Auch einige Modelle von Pezon & Michel habe ich in der Hand gehabt - vorne schön weich (fast zu weich), aber da sagt mir die zu ausgeprägte Spitzenaktion nicht zu.

Könnt ihr mir Modelle empfehlen?

- für den UL/L-Bereich
- bis 2,40
- weiche Aktion (kein Gufi-Stock halt)
- am besten durchgehende, Mittelaktion

danke schonmal


----------



## esox82 (8. Dezember 2007)

*AW: Suche weiche L/UL- Spinnrute.*

Fürs UL-spinnen hab ich die 2,1m skelli WG 2-12gr!
die ist wunderbar weich und absolut empfehlenswert!


----------



## scemler (8. Dezember 2007)

*AW: Suche weiche L/UL- Spinnrute.*



esox82 schrieb:


> Fürs UL-spinnen hab ich die 2,1m skelli WG 2-12gr!
> die ist wunderbar weich und absolut empfehlenswert!



Die Neue oder die Alte?

Hatte heute beide in der Hand - die Rute ist ziemlich hart.

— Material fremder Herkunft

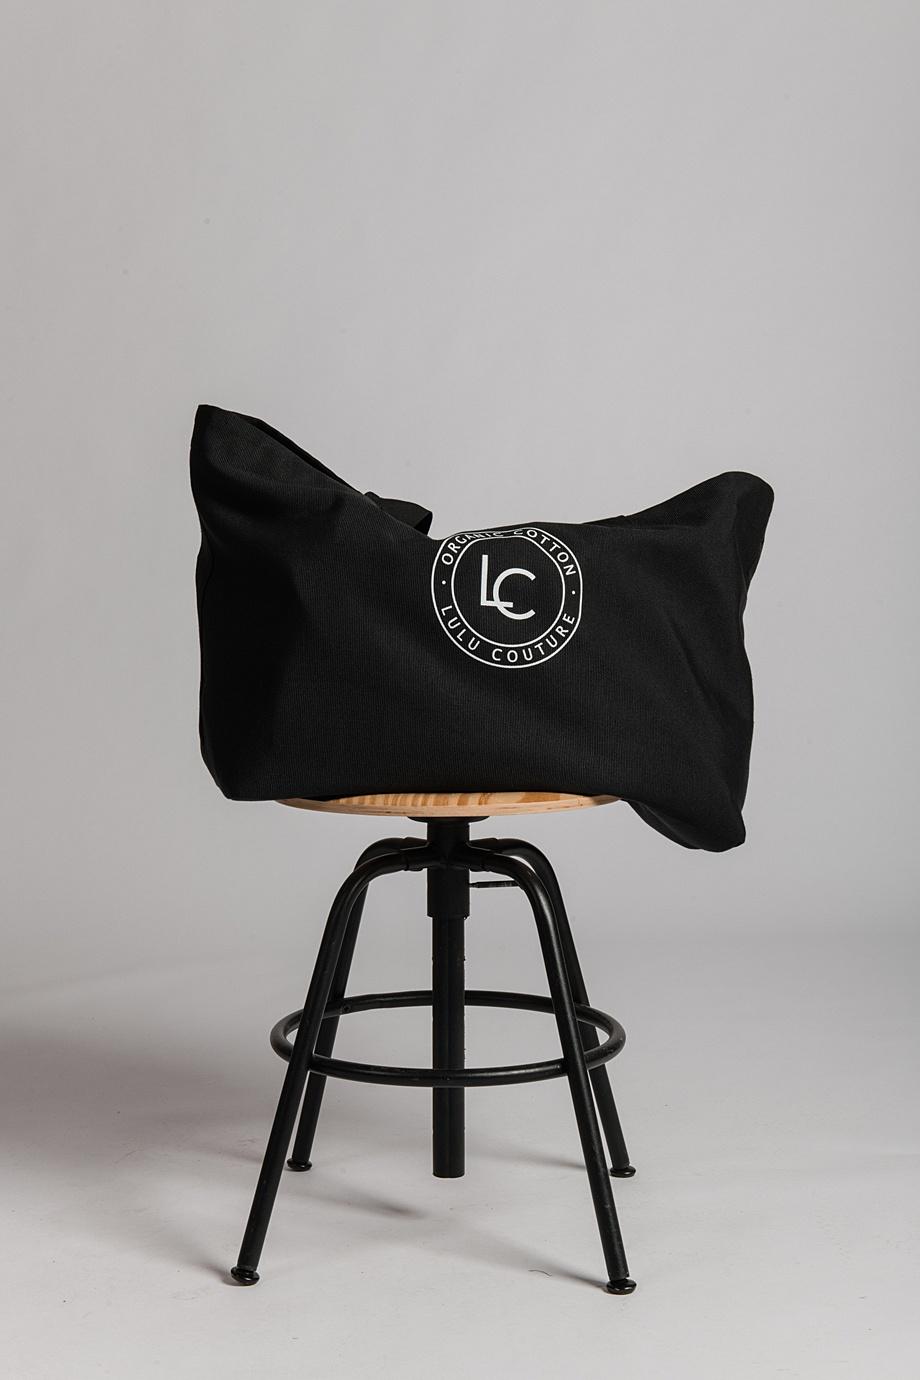 LC Torba (Crna) - Onesize - 790kn - 100% pamuk - LuLu Couture

Da bekomme ich doch nen 5g-Wobbler nicht ordentlich mit geworfen.


----------



## Lorenz (8. Dezember 2007)

*AW: Suche weiche L/UL- Spinnrute.*

Preisklasse?



Also bei ebay sind immer mal wieder sehr günstige UL-Ruten aus UK die auf Fliegenrutenblanks aufgebaut sind! Ich hatte mir schonmal überlegt so eine als "Spassrute" zu bestellen :q:q:q


----------



## esox82 (8. Dezember 2007)

*AW: Suche weiche L/UL- Spinnrute.*

nee,die alte!
also probleme beim werfen hab ich keine,weder mit spinner der gr.0 noch mit wobbler um die 7cm.....
man muss sich nur an den 2-geteilten griff gewöhnen


----------



## Lorenz (8. Dezember 2007)

*AW: Suche weiche L/UL- Spinnrute.*



scemler schrieb:


> Da bekomme ich doch nen 5g-Wobbler nicht ordentlich mit geworfen.




Wie weit willst du den denn werfen? 
Was soll der Einsatzbereich für die Rute sein? Kleiner Fluss/Teich/weiher ,ein Bach? der flache Uferstreifen von nem See?


----------



## scemler (8. Dezember 2007)

*AW: Suche weiche L/UL- Spinnrute.*



Lorenz schrieb:


> Wie weit willst du den denn werfen?
> Was soll der Einsatzbereich für die Rute sein? Kleiner Fluss/Teich/weiher ,ein Bach? der flache Uferstreifen von nem See?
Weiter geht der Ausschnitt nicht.